Finding your own limiting factor
FuturePundit has an interesting entry on working memory. It seems possible that, in addition to raw intelligence, or processing power, various other factors go into your mental performance, including working memory and long-term memory. To have complex thoughts you need to hold the various parts of the thought in your memory while having it. And to develop sophisticated skills you need to remember them for an extended period of time.
For anyone, no matter how smart or successful, one or another of these is probably the limiting factor in mental performance. If you knew what your own limiting factor was, you could focus your attention on it. This would be the most effective way to get better performance out of your brain. And, even if there are hard limits to improvement, you could make decisions about the types of tasks you would be best at and try to get work that lets you do those tasks most.

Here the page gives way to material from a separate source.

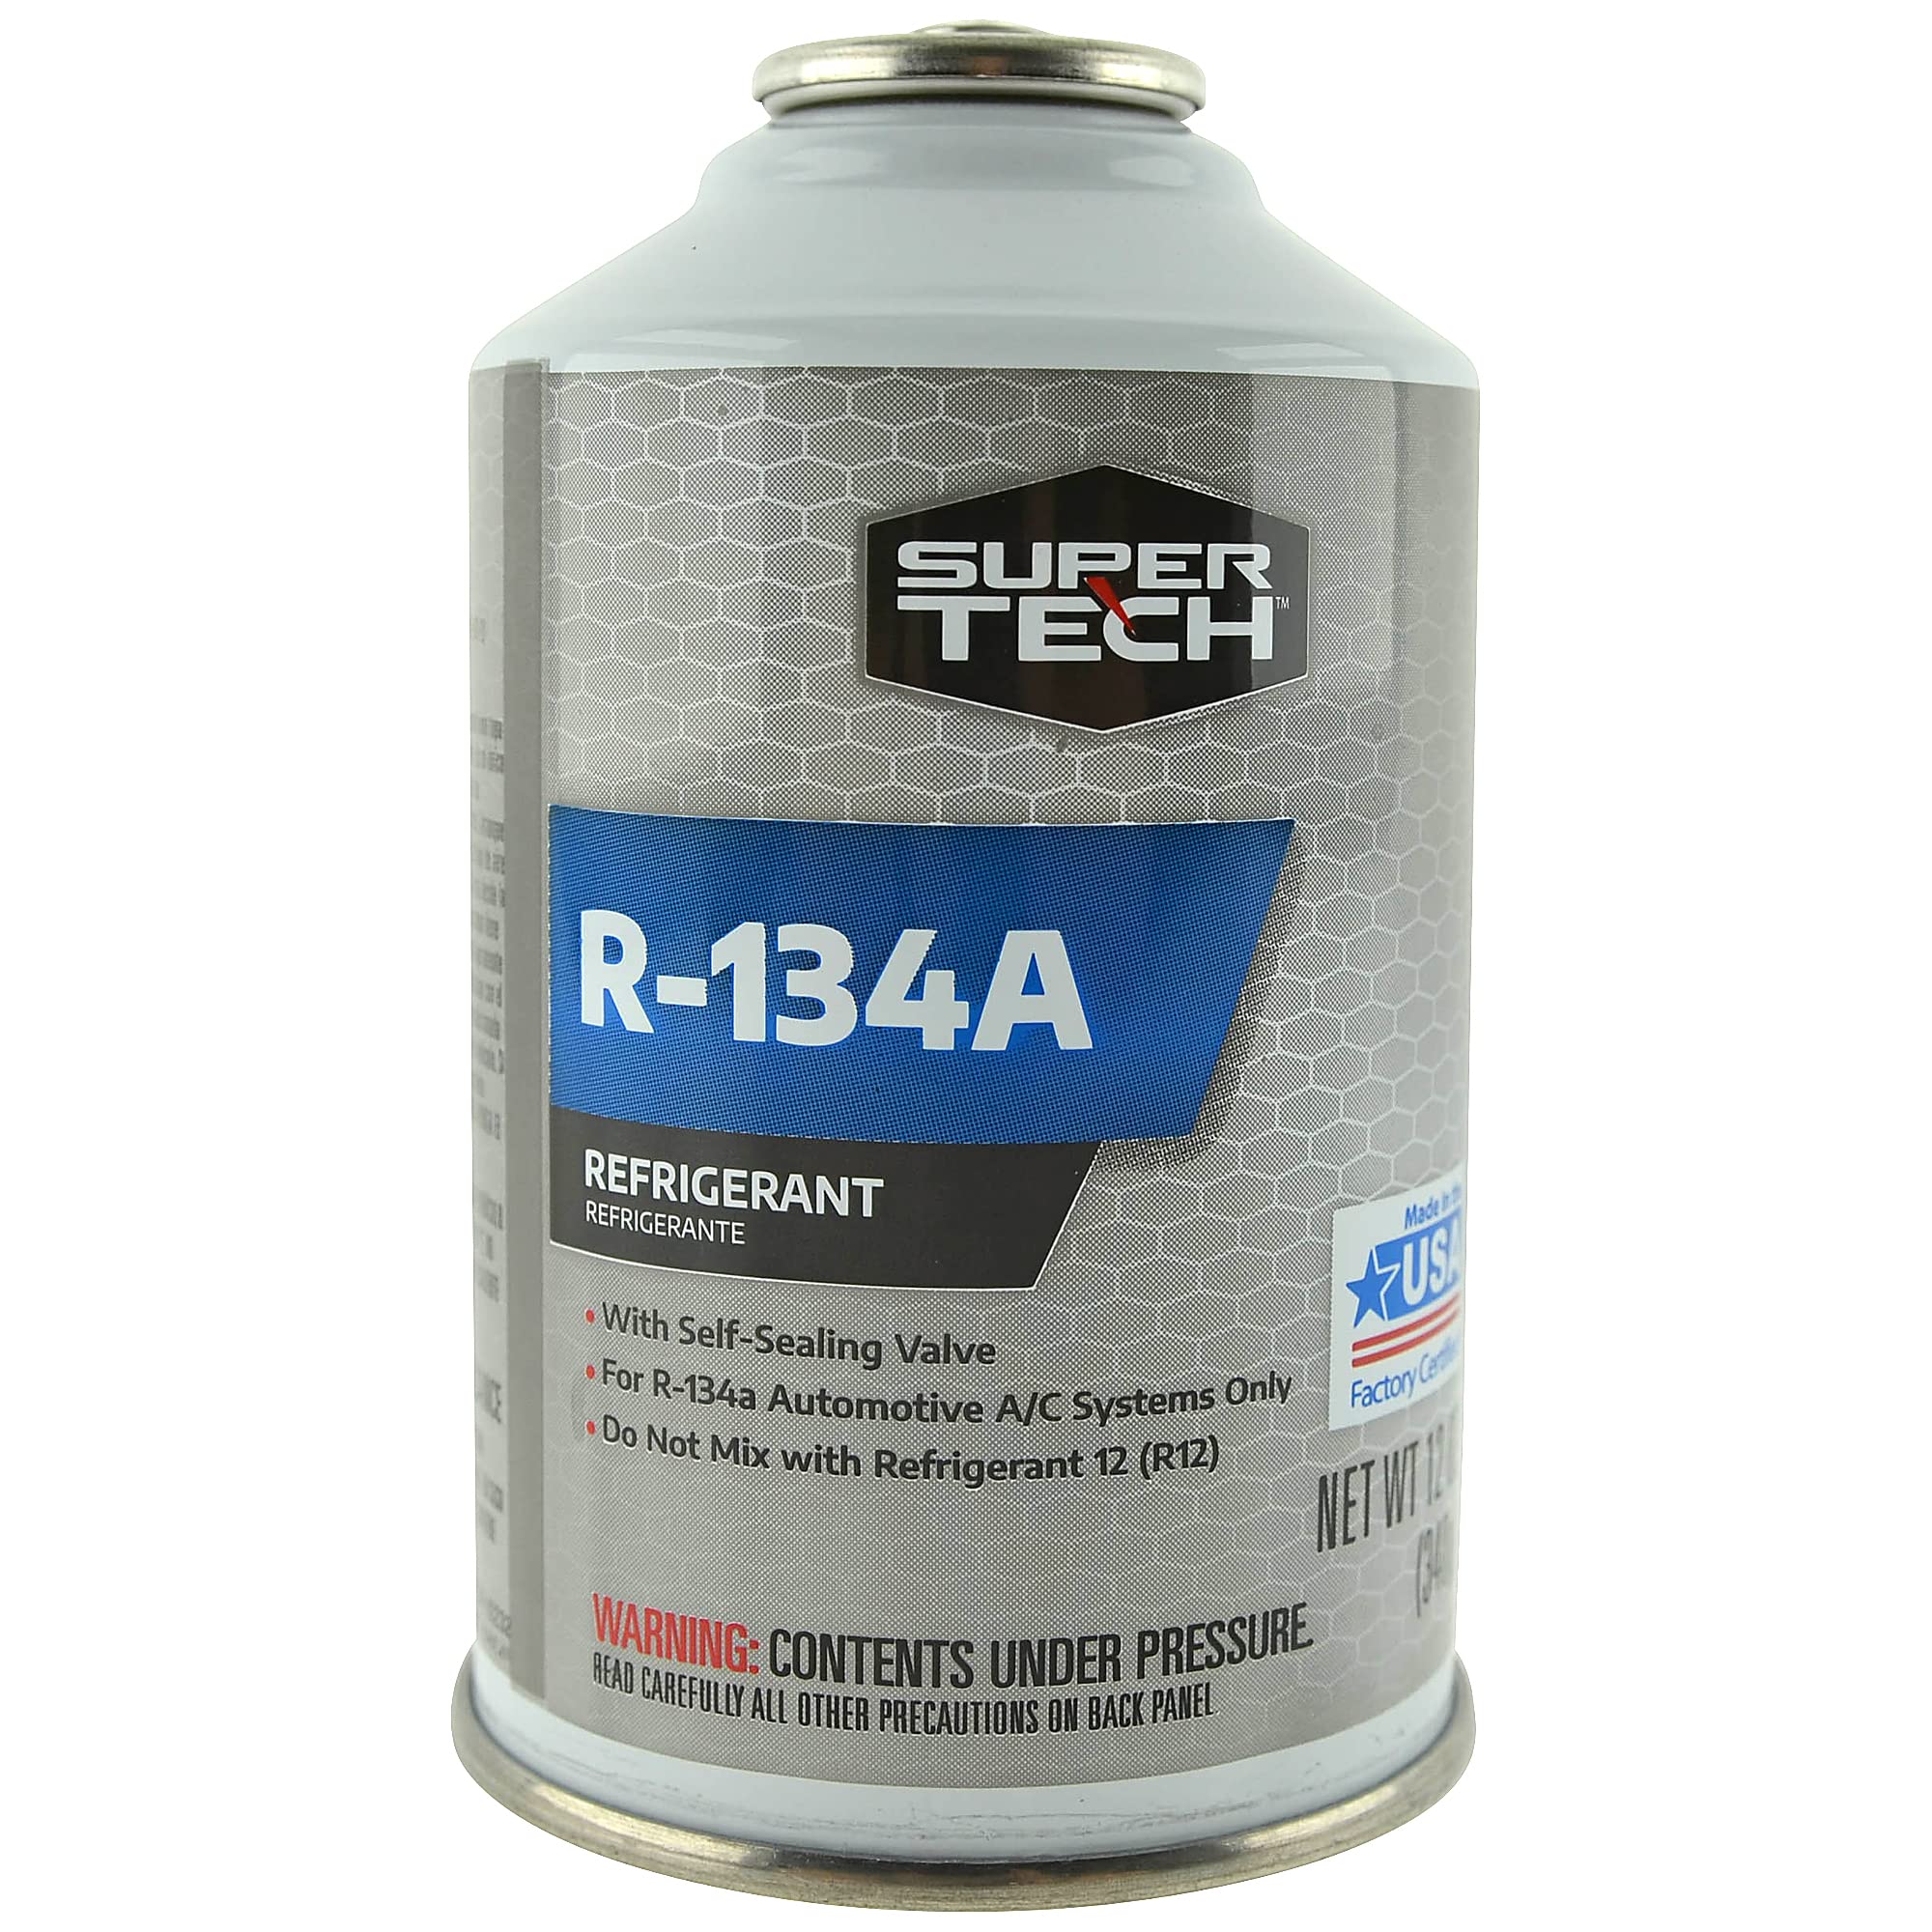 Supertech R-134A Refrigerant Automotive Use In A 12Oz Self-Sealing Container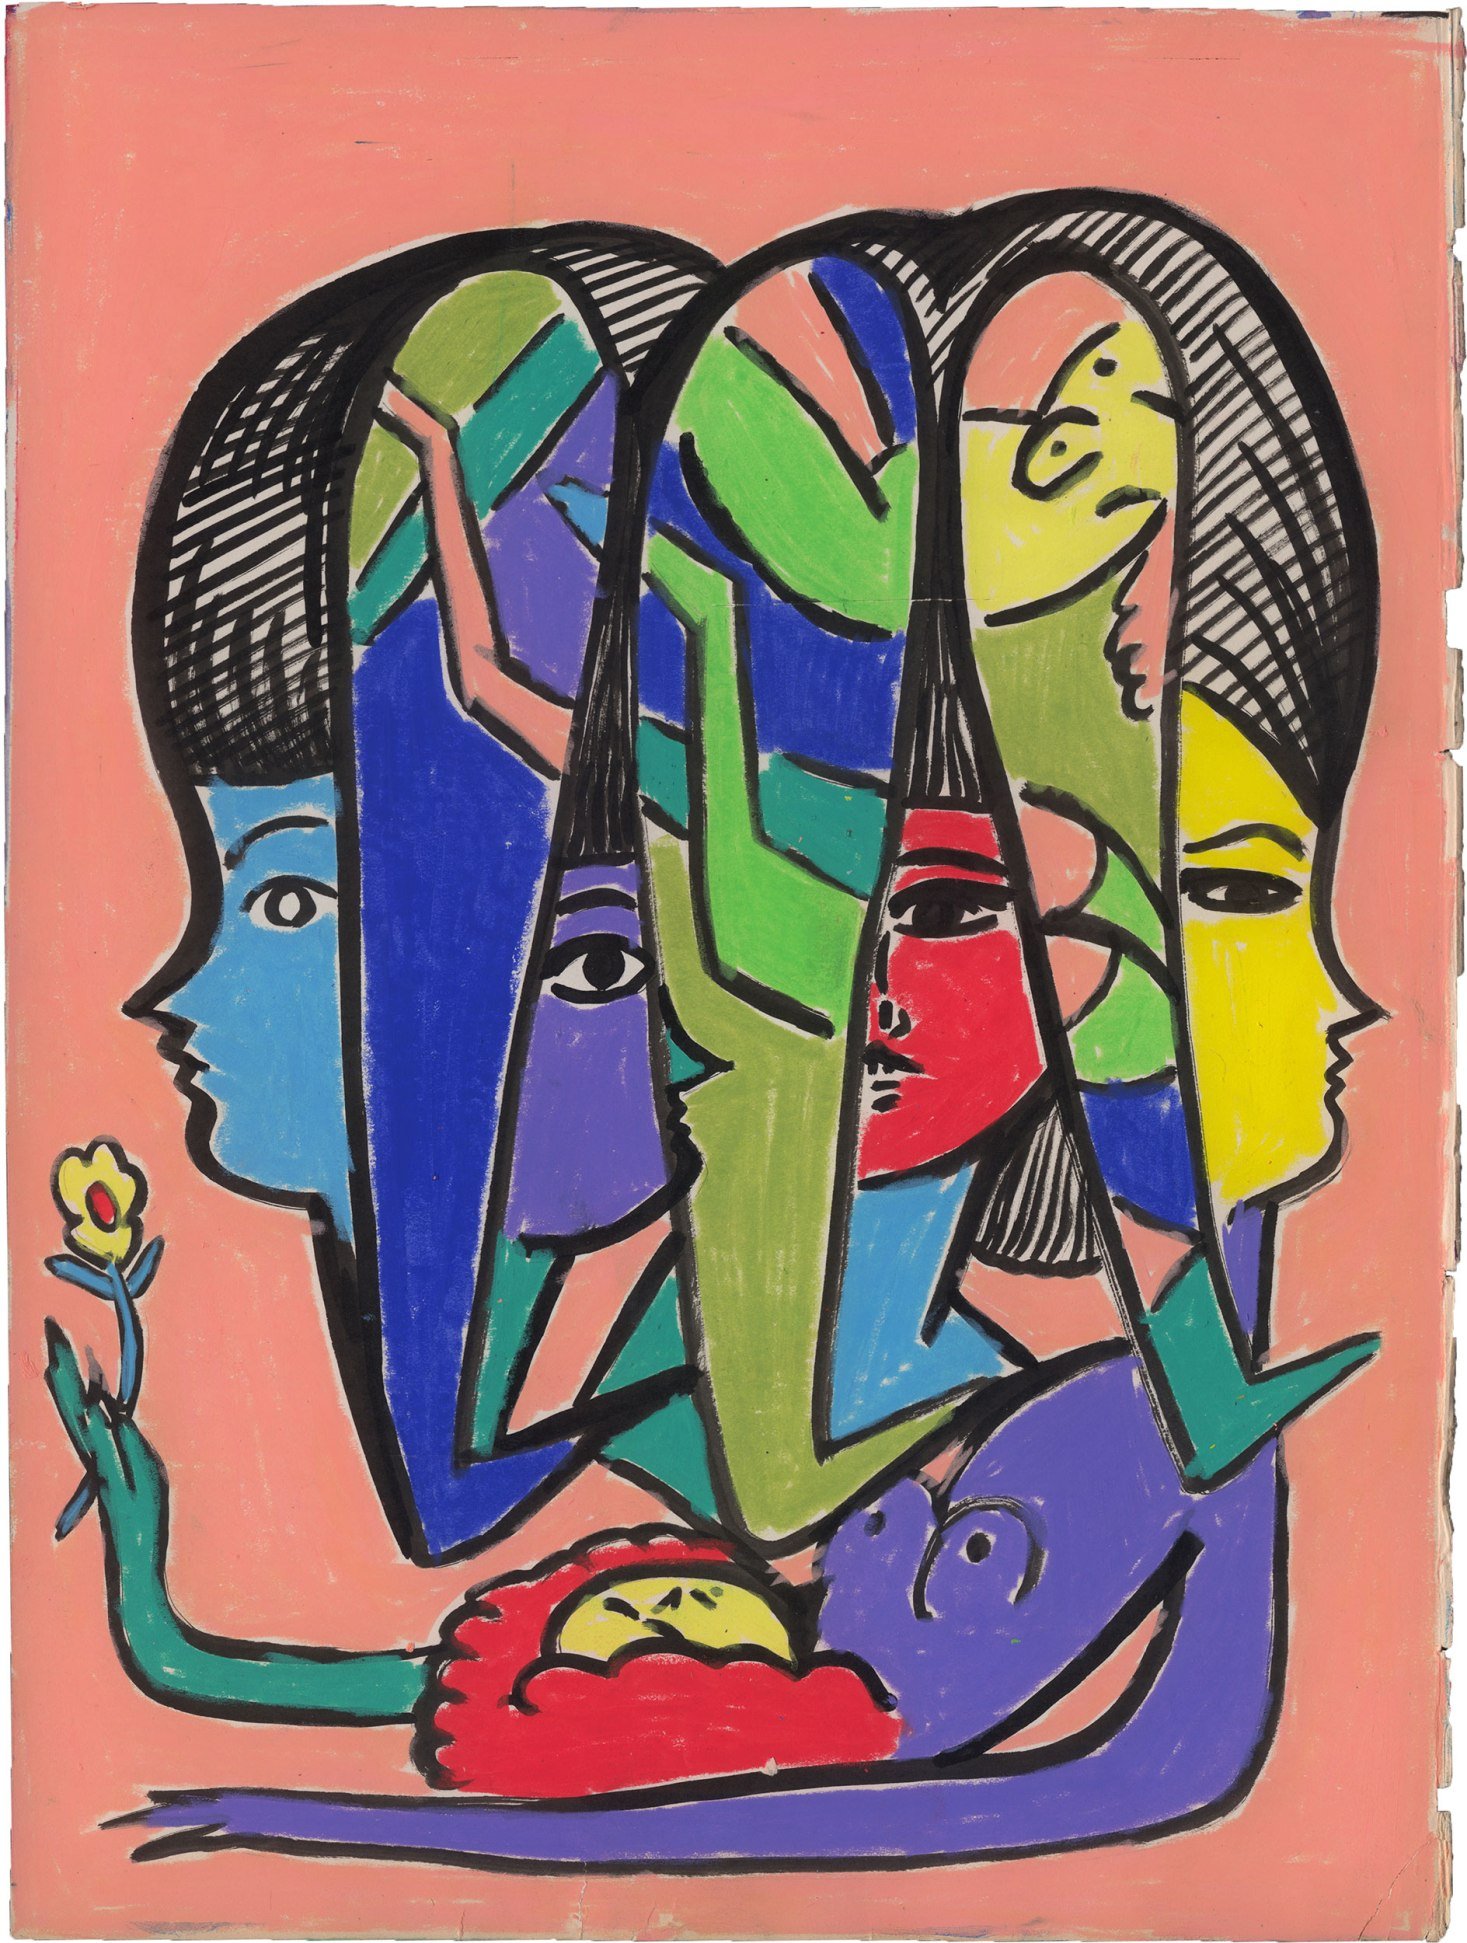 Group work. Ink, wax pastel on paper. 35 x 26.6cm. 2018. 600€.

And, as time goes by and you get older, it would be useful to know where you are declining most. You probably worked out ways of doing things when you were younger that suited the mental skills you had then. You are not likely to let these habits go, even though now, with a different set of inherent abilities, they are suboptimal.
Note, I say "useful" to know. Not cheering or delightful. Cognitive decline seems inevitable. But you can probably work out ways that that decline hits actual performance as little as possible. As in war, victories are nice, but successful fighting retreats are what take the real skill. As much as possible, our goal is to live to fight another day.